Envisioning a Global Development Agenda Beyond 2015
By admin February 22, 2015


The year 2015 will mark the end of one of the world’s most ambitious projects since the Marshall Plan and the restructuring of post-World War II economies. The Millennium Development Goals (MDG) that were first established at the dawn of the 21st century ushered a new chapter in global development efforts focused on providing a common, time-bound framework that targets key objectives in ensuring economic growth, human prosperity, and greater living standards afforded to those outside OECD countries.

This turning point also marks the year of reflection, where national governments worldwide deliberate on the progress made and the work still needed to address extreme poverty in its many dimensions, including income poverty, hunger, disease, lack of adequate shelter, and exclusion –meanwhile promoting and ensuring gender equality, education, and environmental sustainability.
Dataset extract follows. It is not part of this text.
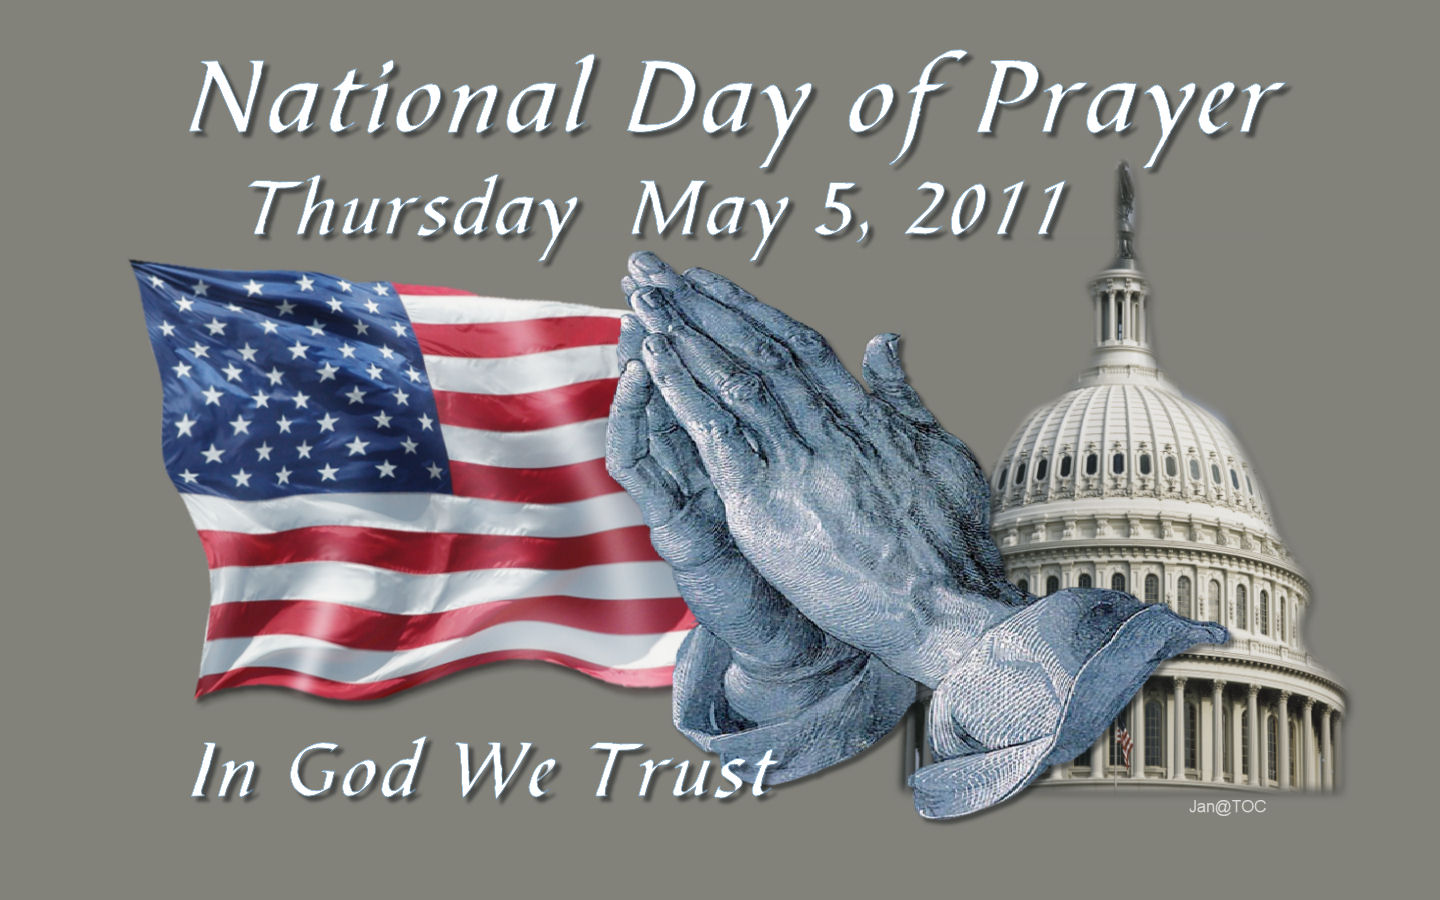 You May Show Original Images And Post About National Day Of Prayer In

The eight MDGs primarily focused on eradicating extreme poverty, halting the spread of HIV/AIDS and providing universal primary education, with governments prioritizing certain goals to achieve their nation’s development objectives. The targets which began in 2000 embarked on providing a universal framework to galvanize development efforts and set forth clear priorities that will guide developing nations out of the shadows of hardships and towards the new frontiers of prosperity.

Enormous progress has been made towards achieving these established goals, with poverty nearly dropped by more than half since 1990; and according to the United Nations (UN), “Enrolment in primary education in developing regions reached 90% in 2010, up from 82% in 1999, which means more kids than ever are attending primary school.” What’s more, goals four and five which set out to reduce child mortality has been slashed also by about half, with 17,000 fewer children dying each day. Even examining the landscapes of many cities worldwide, from Shanghai to Dubai and Rio to Nairobi, the face of poverty doesn’t look as familiar as it did in 1990. What we are essentially seeing is a world where fewer people are hungry, hopeless, and desperate, and this is indeed a great cause to celebrate.

However, despite the incredible progress that has been made, there are still over 1 billion people living below US$1.25 a day, and humanitarian crises due to war, famine, and environmental degradation unfortunately have not been wiped out, but only amplified. Additionally, the third MDG to promote gender equality and empower women has lagged in comparison to other targets set forth, as the gender gap in education and job employment in certain countries have inched along behind more prioritized goals.

Fifteen years later, we are nearing the finishing line, with new ambitions outlined under the Sustainable Development Goals (SDGs) that will soon replace the MDGs. The seventeen proposed goals that are to replace the previous eight will now focus on sustaining rapid economic growth, while ensuring that economic prosperity in the 21st century is inclusive and, more importantly, environmentally sustainable.

Discussions are currently underway in expanding and outlining the new course of development following the MDGs, and are bringing together various public and private stakeholders into the conversation as business, civil society and national governments will be required to work hand in hand to solve some of the more pressing issues left on the development agenda. World leaders are expected to convene in New York in September 2015 to adopt a framework at the Special Summit on Sustainable Development, and finalize an ambitious post-2015 sustainable development agenda built upon the lessons learned from the MDGs. With this in mind, we can only wonder what the world will look like in 2030.